Dual Learning for Large Vocabulary On-Device ASR
Peyser, Cal, Huang, Ronny, Sainath, Tara, Prabhavalkar, Rohit, Picheny, Michael, Cho, Kyunghyun
Dual learning is a paradigm for semi-supervised machine learning that seeks to leverage unsupervised data by solving two opposite tasks at once. In this scheme, each model is used to generate pseudo-labels for unlabeled examples that are used to train the other model. Dual learning has seen some use in speech processing by pairing ASR and TTS as dual tasks. However, these results mostly address only the case of using unpaired examples to compensate for very small supervised datasets, and mostly on large, non-streaming models. Dual learning has not yet been proven effective for using unsupervised data to improve realistic on-device streaming models that are already trained on large supervised corpora. We provide this missing piece though an analysis of an on-device-sized streaming conformer trained on the entirety of Librispeech, showing relative WER improvements of 10.7%/5.2% without an LM and 11.7%/16.4% with an LM.

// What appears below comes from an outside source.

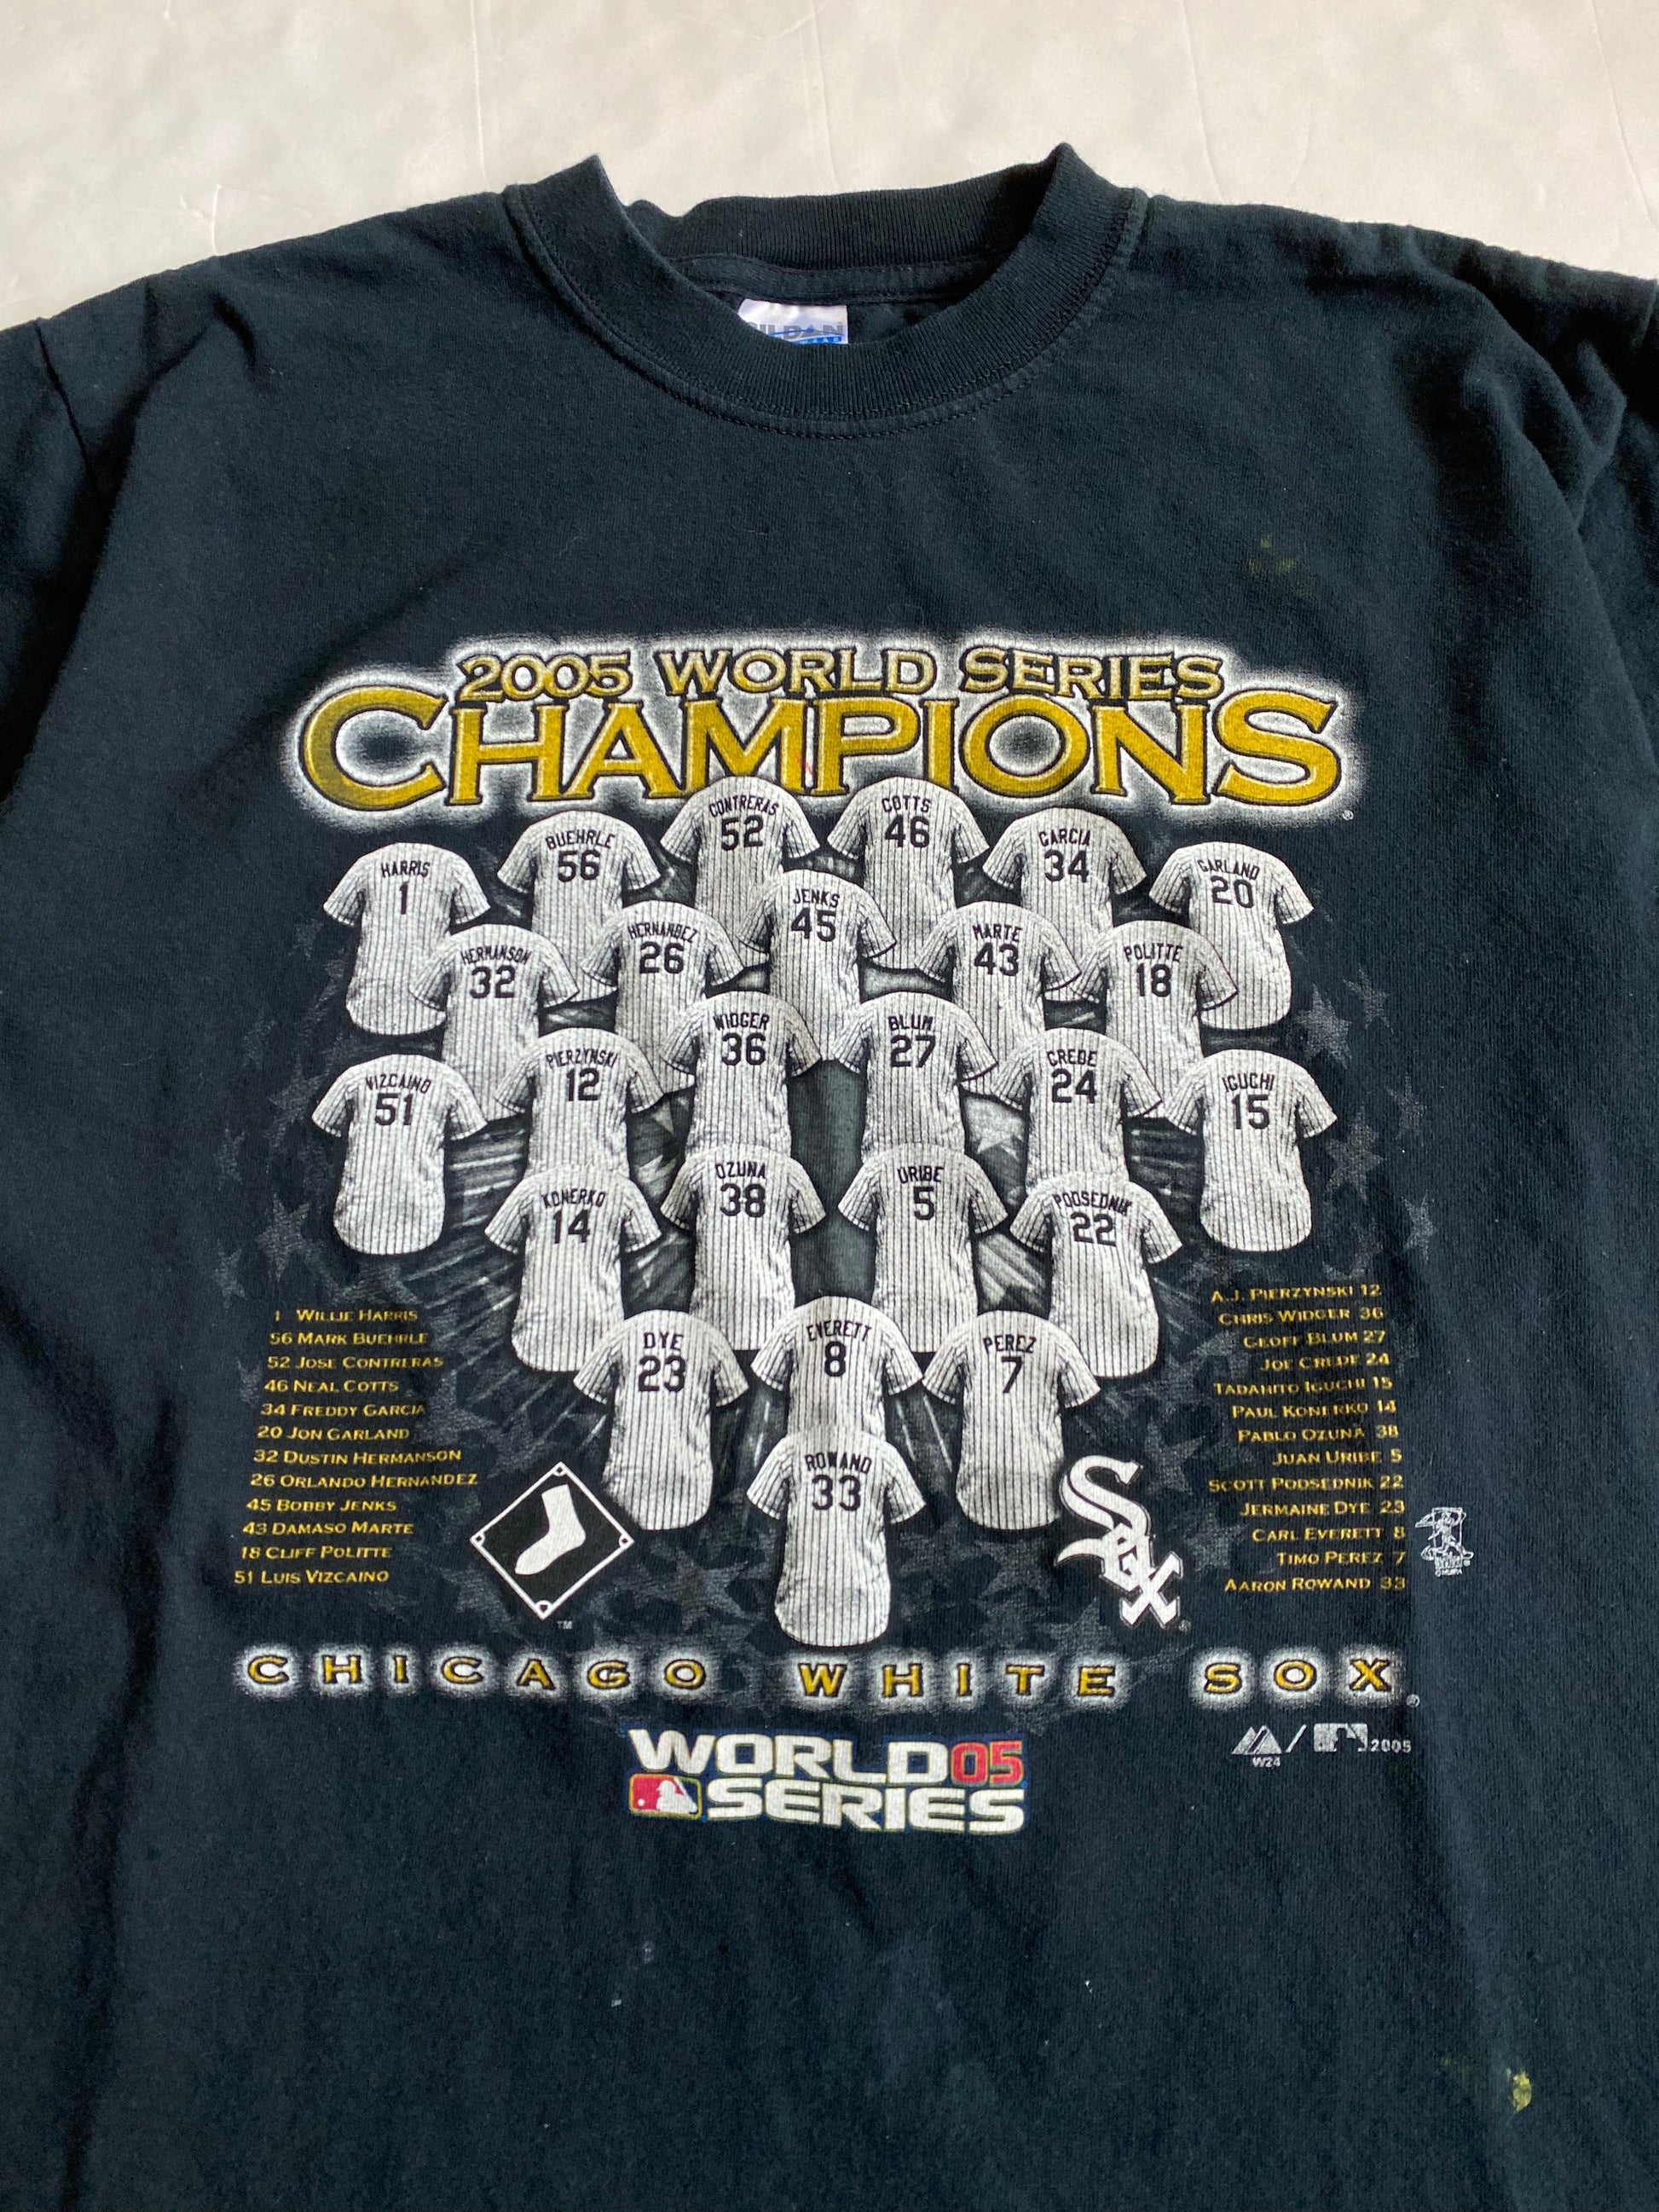 Chicago White Sox 2005 World Series Champions shirt, hoodie

Improving Performance of End-to-End ASR on Numeric Sequences
Peyser, Cal, Zhang, Hao, Sainath, Tara N., Wu, Zelin
Recognizing written domain numeric utterances (e.g. I need $1.25.) can be challenging for ASR systems, particularly when numeric sequences are not seen during training. This out-of-vocabulary (OOV) issue is addressed in conventional ASR systems by training part of the model on spoken domain utterances (e.g. I need one dollar and twenty five cents.), for which numeric sequences are composed of in-vocabulary numbers, and then using an FST verbalizer to denormalize the result. Unfortunately, conventional ASR models are not suitable for the low memory setting of on-device speech recognition. E2E models such as RNN-T are attractive for on-device ASR, as they fold the AM, PM and LM of a conventional model into one neural network. However, in the on-device setting the large memory footprint of an FST denormer makes spoken domain training more difficult. In this paper, we investigate techniques to improve E2E model performance on numeric data. We find that using a text-to-speech system to generate additional numeric training data, as well as using a small-footprint neural network to perform spoken-to-written domain denorming, yields improvement in several numeric classes. In the case of the longest numeric sequences, we see reduction of WER by up to a factor of 8.